Innovazione di prodotto o servizio: da dove partire, con che metodo e approccio

Il processo di innovazione è uno dei più critici, importanti e costosi in un’azienda. È fondamentale per garantire il vantaggio competitivo, oggi più che mai in un mondo in cui l’innovazione tecnologica sta cambiando molti mercati, se non tutti.

Ogni azienda vuole essere leader in qualche ambito, perché la vita del follower non paga, e pagherà sempre meno in un futuro in cui le aziende italiane possono competere sempre meno sulla competitività di costo.

Quindi innovare è vitale, ma chi innova investe e rischia senza certezze sul ritorno dell’investimento.

Per mitigare questi rischi, per fortuna, negli anni sono state sviluppate molte metodologie che oggi vengono applicate “in purezza” o in versione ibrida, che è sempre la cosa migliore per incontrare i tratti caratterizzanti ogni cultura aziendale.

Il Processo di Sviluppo Nuovo Prodotto (NPD)

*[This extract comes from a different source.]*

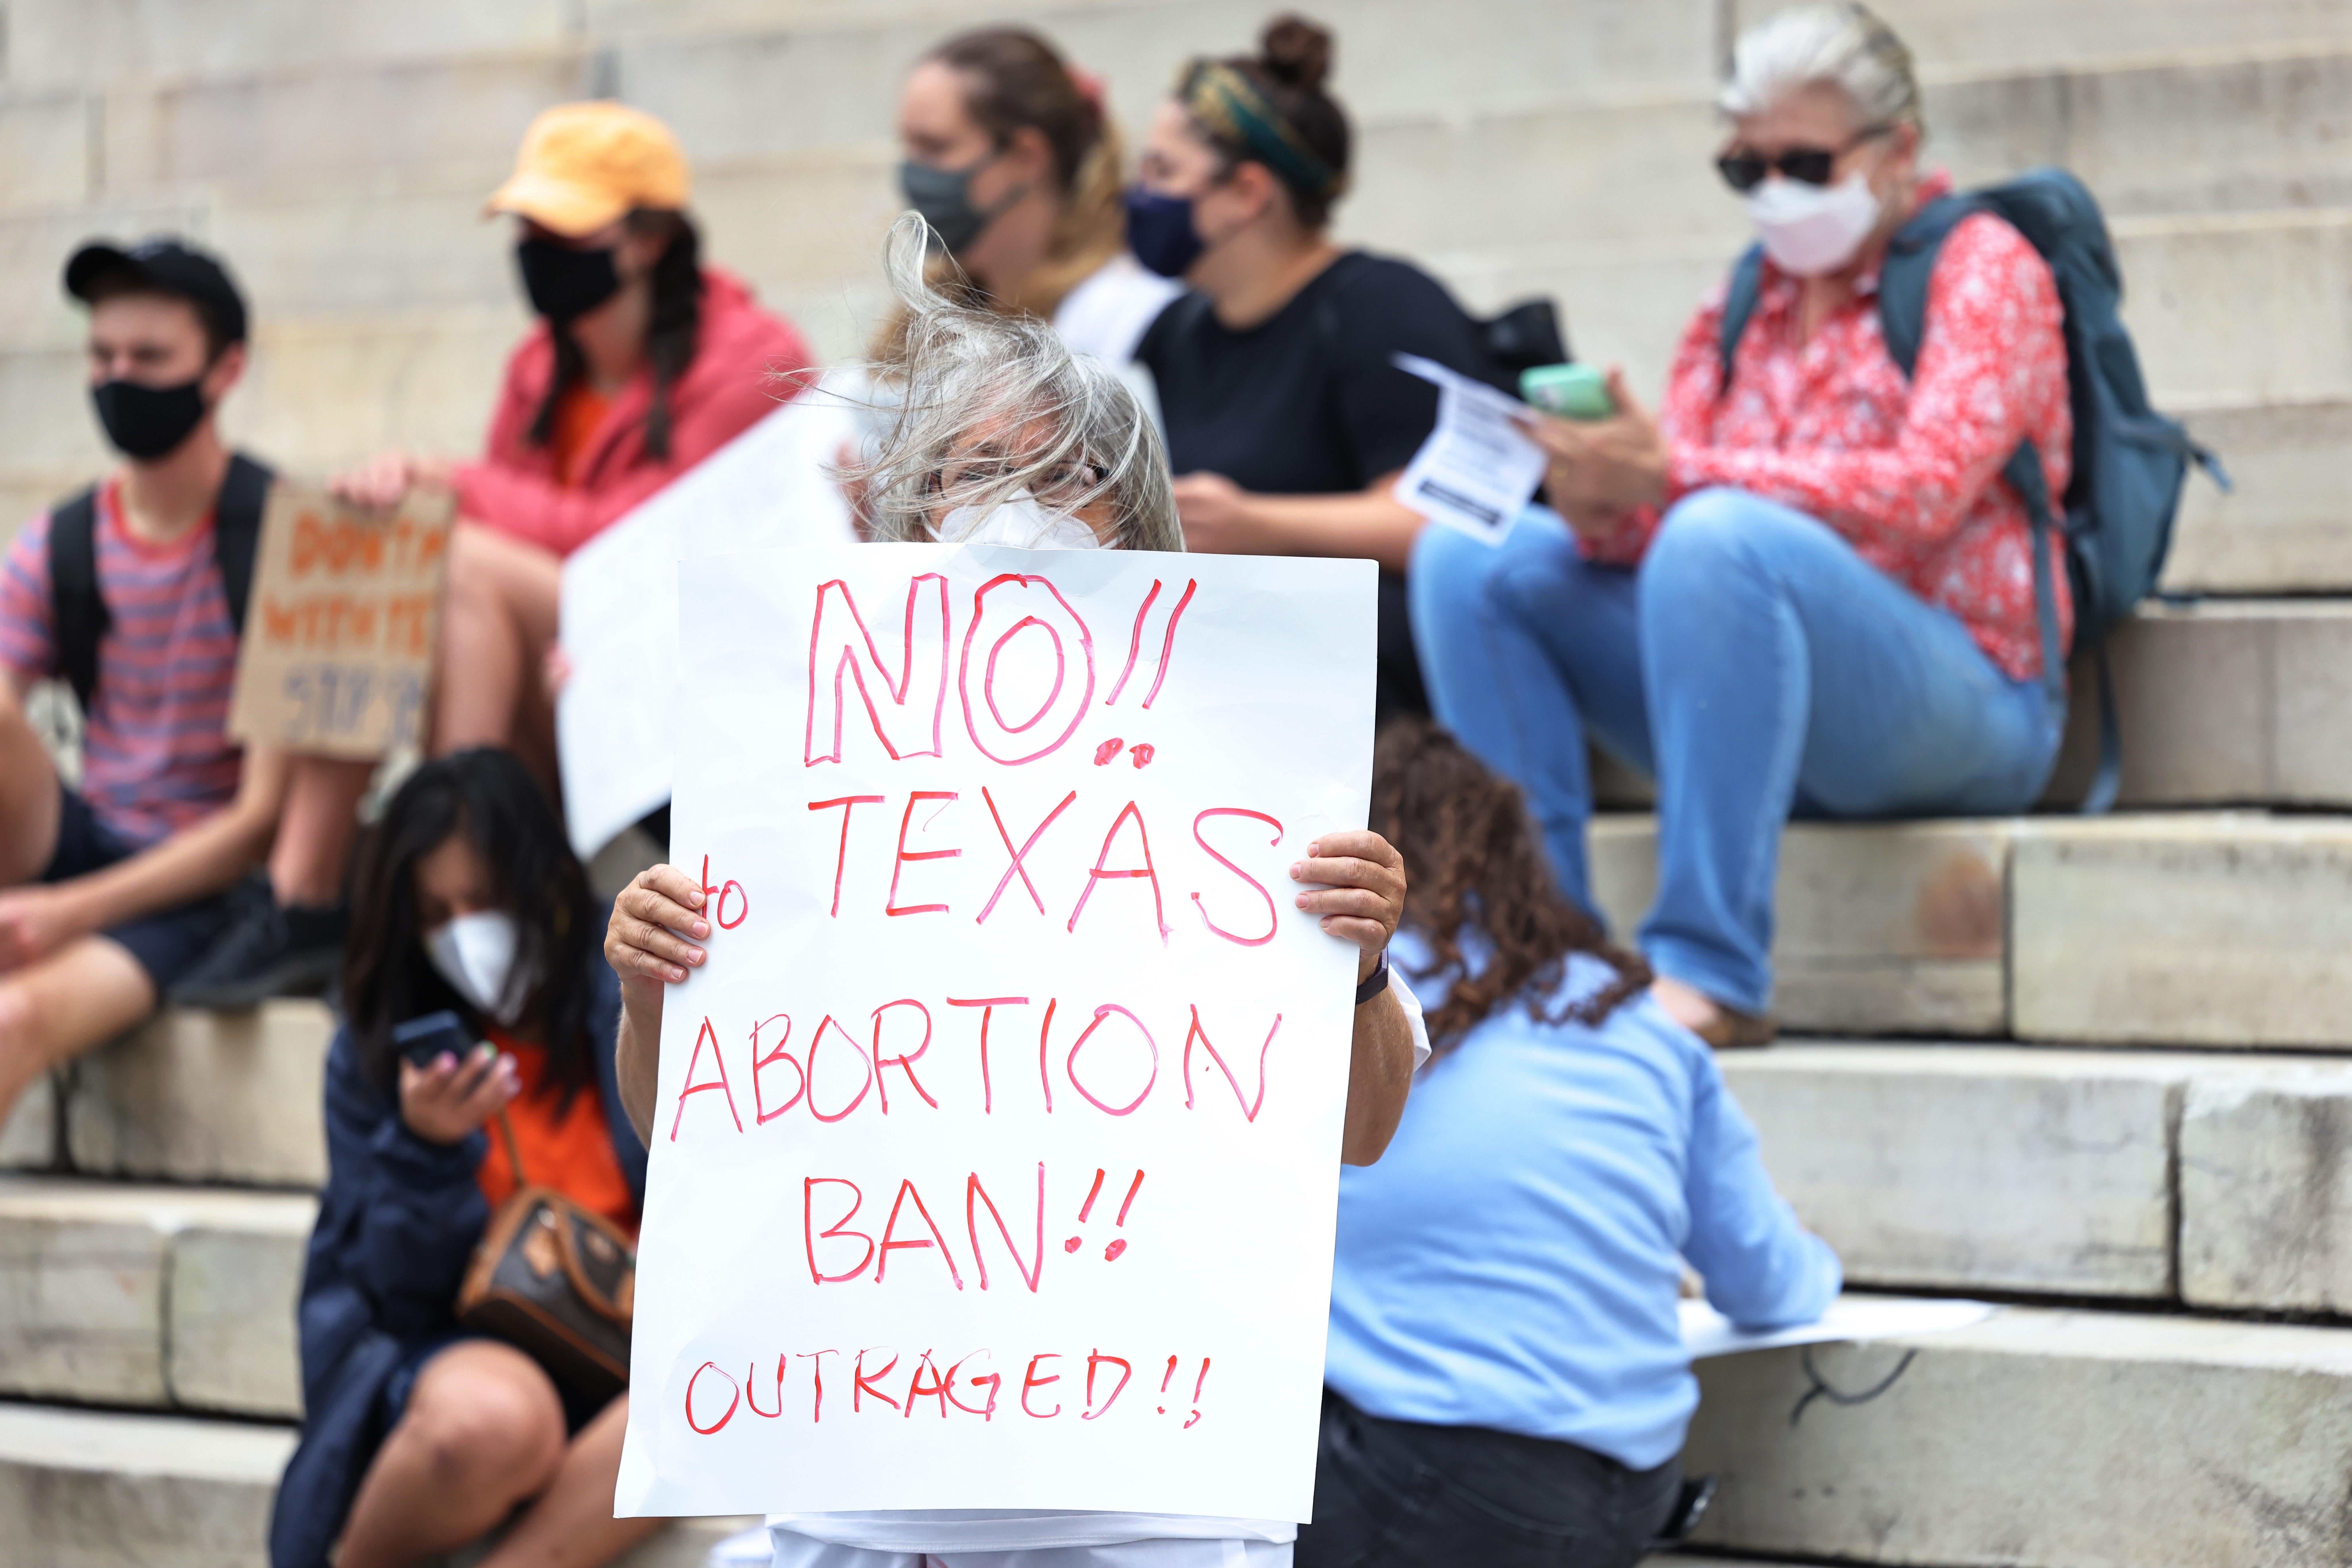 People in masks sitting on steps, with one woman holding a sign reading, "No!! Texas Abortion Ban!! Outraged!!"

Nell’industria tradizionale, l’espressione “sviluppo nuovo prodotto” (NPD, New Product Development in inglese) definisce tutte le attività connesse con l’ideazione, la progettazione, la realizzazione e la commercializzazione del prodotto stesso. Il termine “sviluppo” è quindi inteso come l’insieme delle attività che hanno il potenziale di generare l’accrescimento della competitività di un’impresa e delle capacità di una qualsiasi organizzazione.

Il procedimento di sviluppo, applicato alla realizzazione di un nuovo prodotto, è scomponibile in una serie di attività (processi e sotto processi), fra loro collegati ed interagenti, che vanno dalle fasi di analisi e validazione pre-progetto (il perché) a quella di progettazione concettuale, (il cosa), e a quelle successive di ingegnerizzazione e industrializzazione, (il come), tutte quante necessarie per realizzare e lanciare sul mercato un nuovo prodotto.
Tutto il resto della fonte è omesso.